I’m not sure, but I think it’s possible from Microsoft’s Store. I didn’t test it though. Maybe it could be allowed or blocked by admin too.
By the way, my point is that the extension should works with desktop’s app and as a standalone one if there is need to. Or, offering 2 extensions that works in the 2 needed scheme. The way I see it, it could be as simple as a switch directly on main extension’s frame that turns it to one another. If app is chosen, it ask for a paring code (for example). If standalone is chosen, it acts the same way as actually.
I’m able to install but I’m not allowed! I’m only allowed to install software which is on our firm whitelist. And Bitwarden is not on this whitelist.

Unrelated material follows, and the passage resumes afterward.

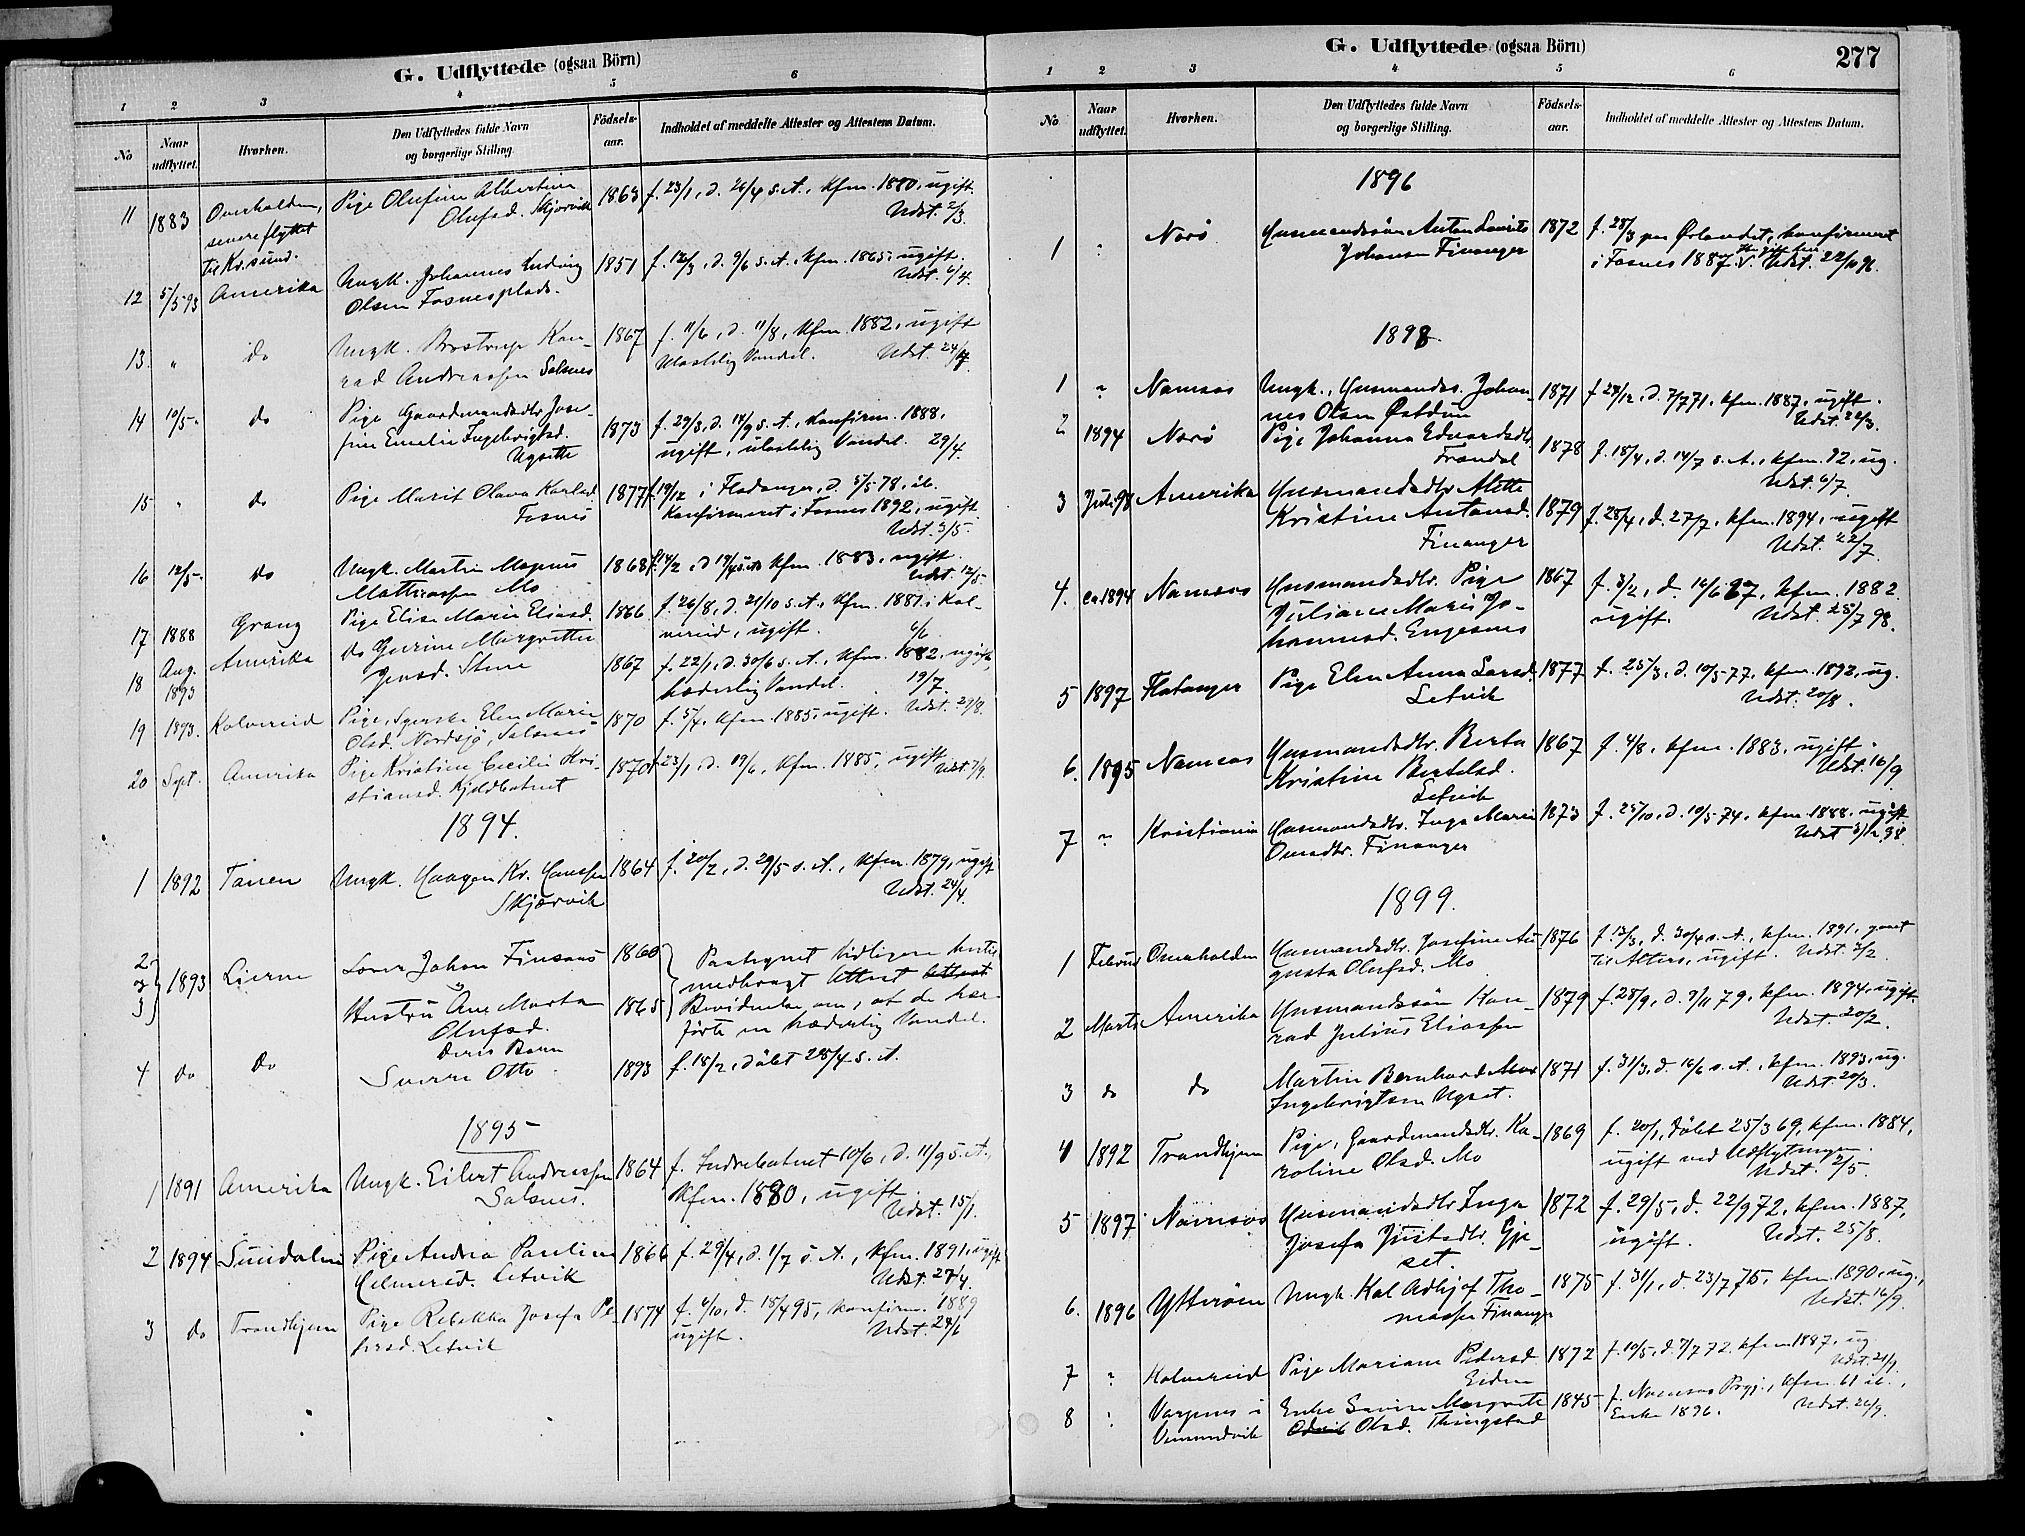 SAT, Ministerialprotokoller, klokkerbøker og fødselsregistre - Nord-Trøndelag, 773/L0617: Ministerialbok nr. 773A08, 1887-1910, s. 277

I’d like to see such a feature too, but not because I think it’s actually necessary. My current “problem” (it’s more of a nuisance) is that unlocking the browser extensions takes incredibly long. As far as I can tell, it downloads the entire database on every unlock, and that is what it’s taking so long. If it would use the desktop app to get the information, it wouldn’t have to download all of it on unlock first. So my request is slightly different in: either “make the extensions work faster” or “use the cached information of the desktop apps better”.
After a long time not feeding that request, I decided to feed it with an argument that matters for the power surfers more than other probably. Maybe not… there may be some other reasons than mine to do so. I always use 2 browsers at the same time for better compartmentalization of security level. To me, it means using one browser for common surfing and lesser private use and the other for job, banking, buying, etc. It allows better handling of privacy and security.
So, even if only security maniacs like me do so or someone that needs a specific browser to work but doesn’t like it at its usual one. I believe that a solid passwords manager like the one we adore (not to mention it ), should help that kind of use to be easier. If the user only needs to unlock the main application to use it and all the linked extensions, it helps a lot to fasten browsing.
Also, I noticed that there’s a bug with Vivaldi’s browser extension. The Bitwarden’s extension isn’t working flawlessly when it comes to locking (not very cool for security though ). So if the locking happens at the main application, it become less difficult to manage different browsers extensions coding, considering that the differences specific to each browsers wont need a lot of code to adjust.
And, for those who need an extension in a controlled environment where it’s not possible to install the main app, the only thing needed, is to make the extension works in a minimal (to make it lighter and easier to update) or complete autonomous mode when there’s no application to back it.
So, to resume the benefits :
- Stronger security at the OS level than in a browser’s environment for encryption/decyption;
- Faster (only one authentication) and easier unlocking of many instances of Bitwarden;
- Live syncing of the opened instances of the same OS done instantly as they are using the same database;
- Less RAM and CPU needed for all these instance (again, one database opened in RAM);
- Easier use of the OS features for both security and authentication capacities;
- Lesser risks of syncing conflicts;
- Easier and “probably”, lighter coding and updating of the extensions;
- Lighter extension means lighter browser if someone works with a lot of extensions opened;
- Less possibilities that some new flaws in one or many browsers (all Chromium based for example) break the extension’s security by making such flaws weaken Bitwarden’s extension. Less code, less weaknesses;
- and maybe other benefits I just don’t know…
Sure, there’s cons, feel free to share those, but don’t speak about the amount needed as one of these because it can’t be a good reason to make the decision to stop working forward. That way, Bitwarden will miss its purpose for my part.